いまは世界の景気がとても悪いので、企業としては儲けられなくても仕方ないと思います。
でも、野村の今回の歴史的な赤字の内容を見るとマクロ経済の暗転がもたらした不運が問題なのではなく、損の大部分は経営判断の誤りからもたらされていることがわかります。

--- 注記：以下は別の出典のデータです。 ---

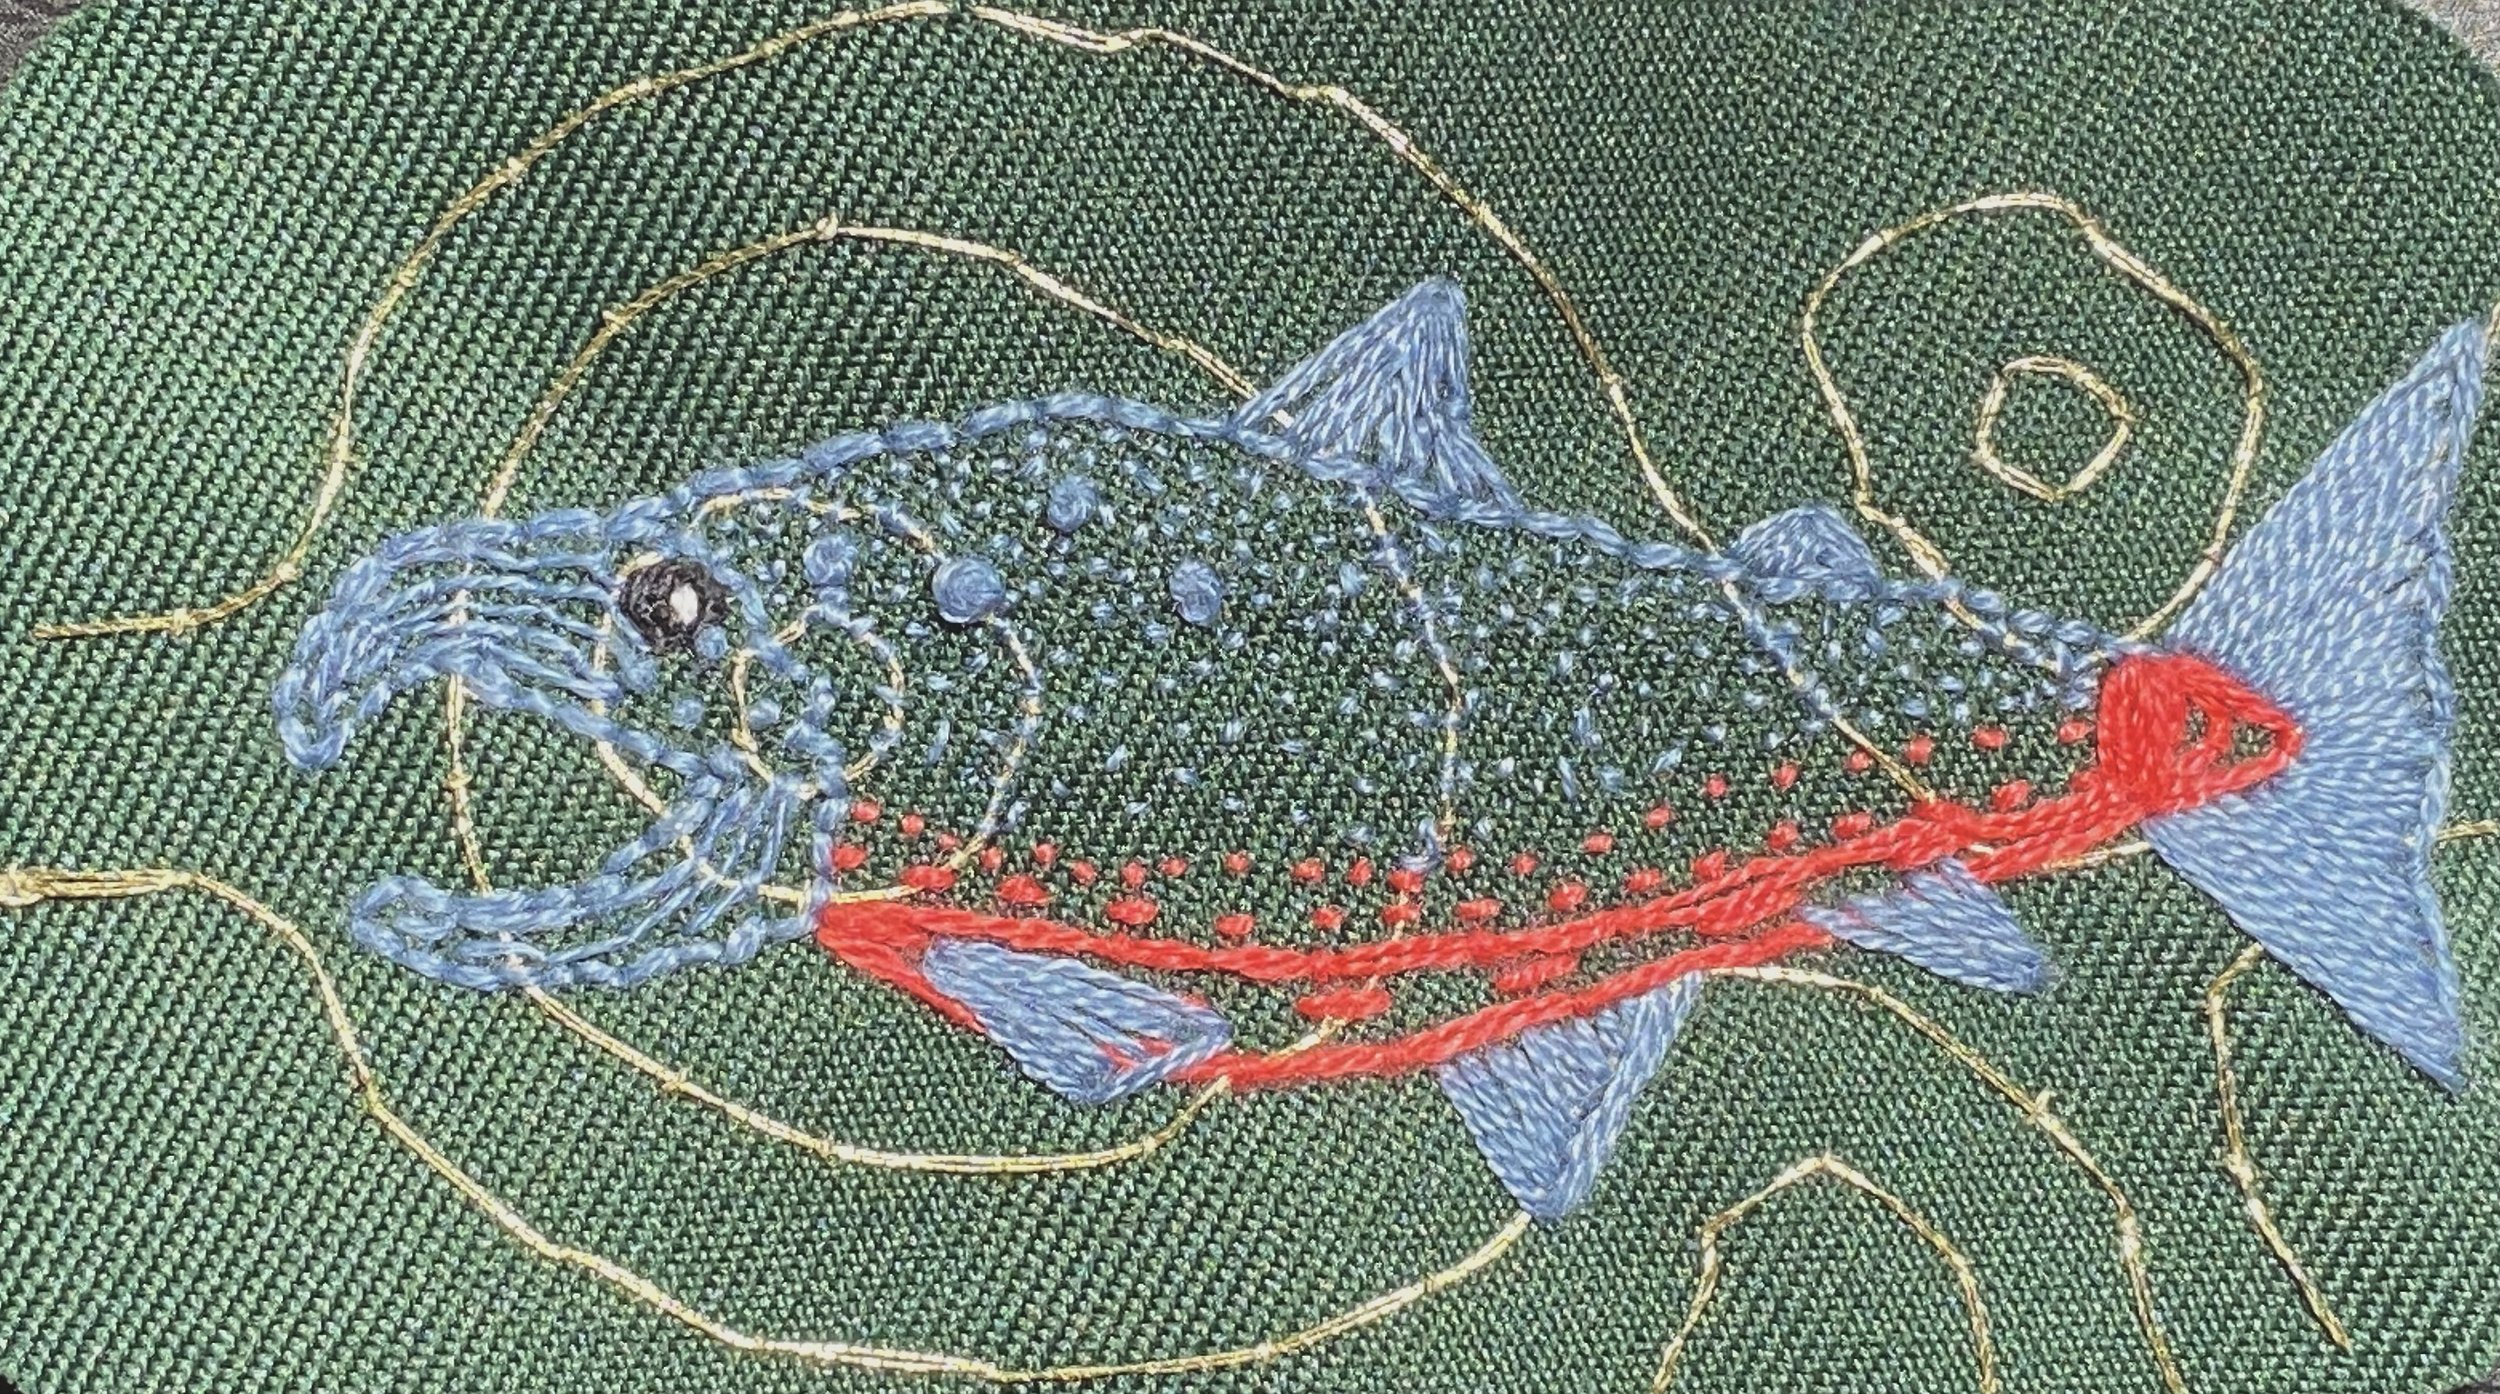 Pacific Salmon by Katherine Sammler

まず去年リーマンが破たんしたとき、そのオペレーションの一部を買収したのは明らかに失敗でした。(大体、この厳しいご時世に人件費が去年に比べて2倍になっている金融機関は世界広しといえども野村くらいです。これはアメリカでも大いに失笑を買っており、僕はアメリカの友人からこれを突っ込まれたとき、涙が出るくらいくやしかった。MadameButcherのツイッター・コメントにあったリンクをご覧あれ。)
トレーディング損というのは聞こえがいいですけど、中身は「ねずみ講」のバーニー・メードフの詐欺にひっかかっていたり、明らかに危険だとわかっていたアイスランドの金融危機に巻き込まれたりしているのが原因です。

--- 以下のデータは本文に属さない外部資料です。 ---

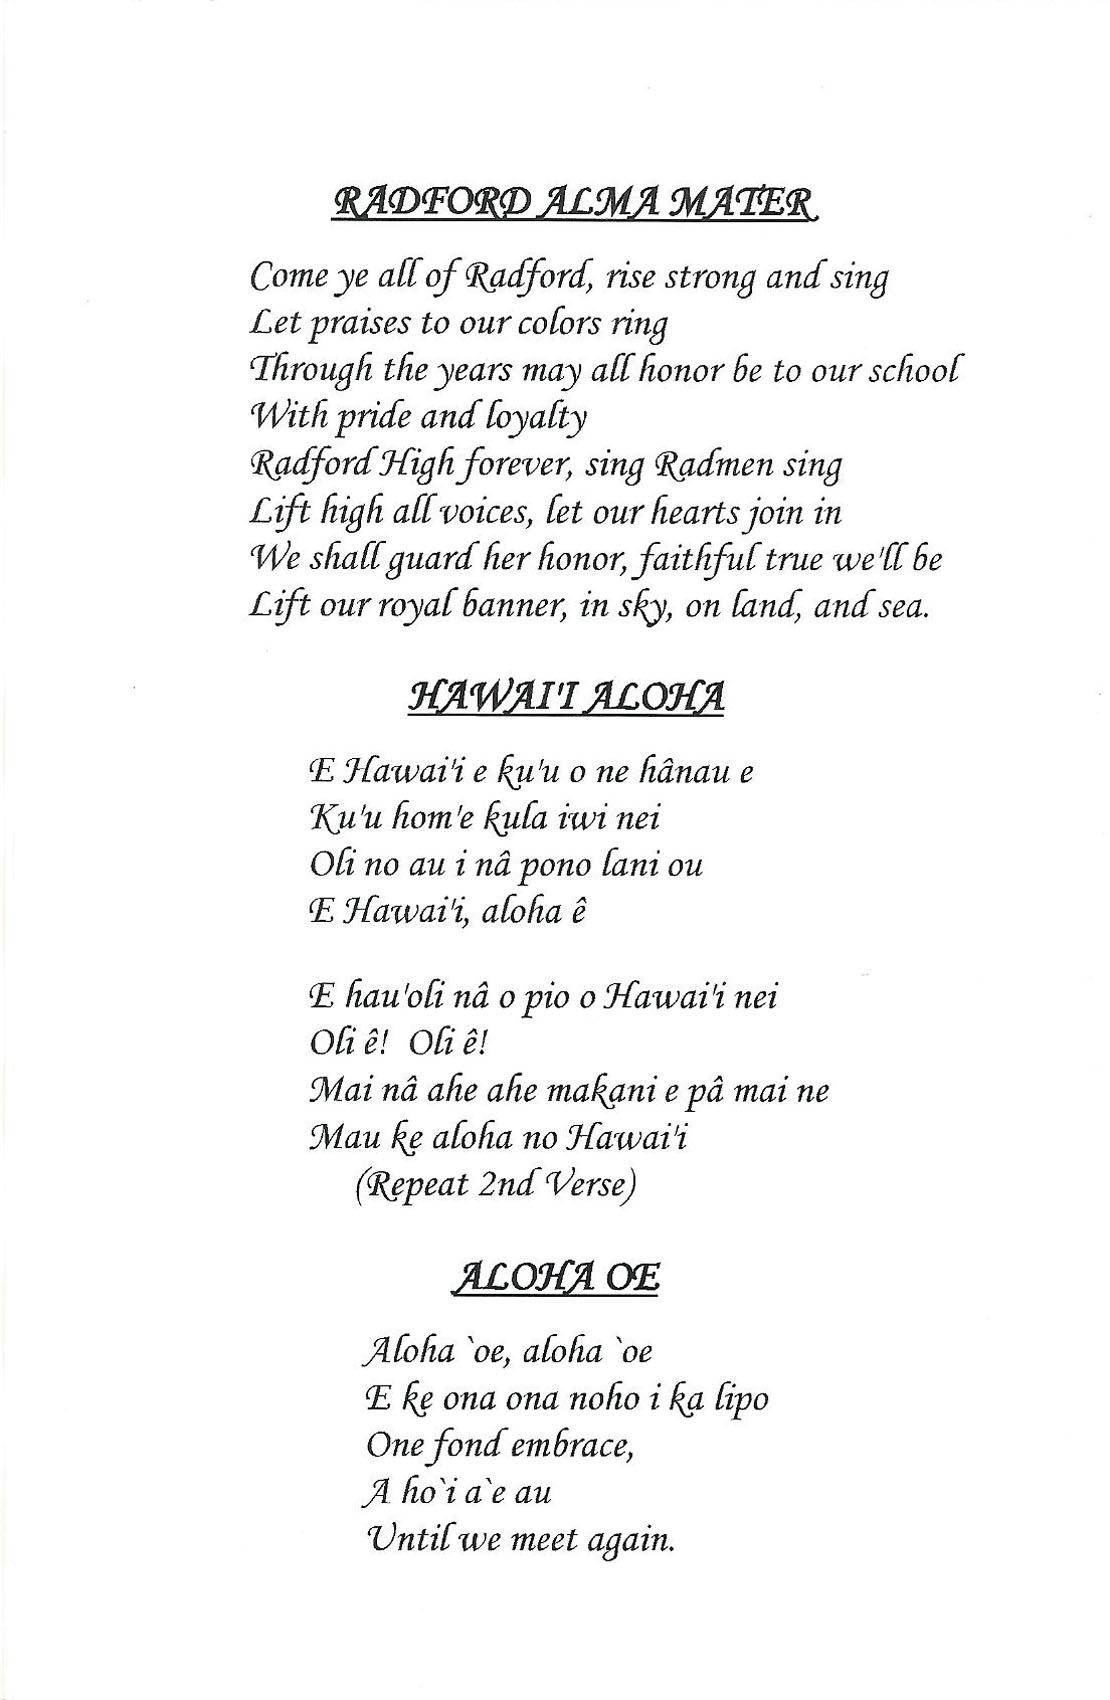 Lyrics ~ Radford Alma Mater, Hawaii Aloha, Aloha Oe

野村の中にはまじめに一生懸命がんばっている社員も沢山居るとおもうけど、いきなりリーマンの社員にボーナスを弾んでチヤホヤしたりとか、そういうのを見せられるとプロパーでやってきた人は萎えると思うのです。
チャック・グラスレー上院議員は「日本人には美意識がある」と言いましたが、一体、日本人の美意識はどこへいったのでしょうか?
3 件のコメント:
野村には焦りがありますかね?だいたいいつまでたっても何も変われない(それは弊社も同じですが)中で、世界の金融プレーヤーが大きく変わって(しかも、今回の失敗があったとしても「ストラクチャードファイナンスこそ進むべき道」(ピムコ、エラリアン))いるわけで、、、、、、
小生も含めて、日本金融業界人、この20年の凋落であせりのようなものは間違いなくあるのでは。
野村と三菱UFJ。いずれの道が正しかったのか?
mikeexpoさん
コメントありがとうございます。
野村はやっぱり日本でNo.1の証券会社ですから凄い人材は揃っています。
でも最近の野村のやっていることは株に喩えれば:
「野村の社員」を空売りして
「リーマンやフォートレス」をロングする
ような愚かなことです。僕は外資が長かったので良く分かるのですが外資は自分が今後もずっと儲けられると確信している間はゼッタイにその分け前を日本の金融機関と分かち合うような真似はしません。「そろそろ花も散る頃だな」と感じたときだけ日本の資金を受け入れます。
そういう風にトランプのババを掴まされることを英語ではbaggedと言いますけど、最近、野村はそういう同じ間違いを何度も繰り返しています。
まず自社の社員の能力を信じ、「日の丸部隊」で戦う腹を決めないことには士気もへちまもありません。
(おなじ事は今シティの日本のオペレーションというdamaged goodsを買おうとしている金融機関にも言えると思います。)
旧リーマンのアセット(もちろんそれに伴う負債も)を継承しない、という野村の戦略は、当時は安全策にも見えた訳ですが・・・
現実には、北米部門を買収したバークレイズが、買収取引自体から巨額の利益を上げている(安く買ったという事でしょう)のとは、正反対の結果になっていますね。渡部社長と、"国際派"で鳴らしてきた柴田副社長の責任問題である事は間違いないでしょう。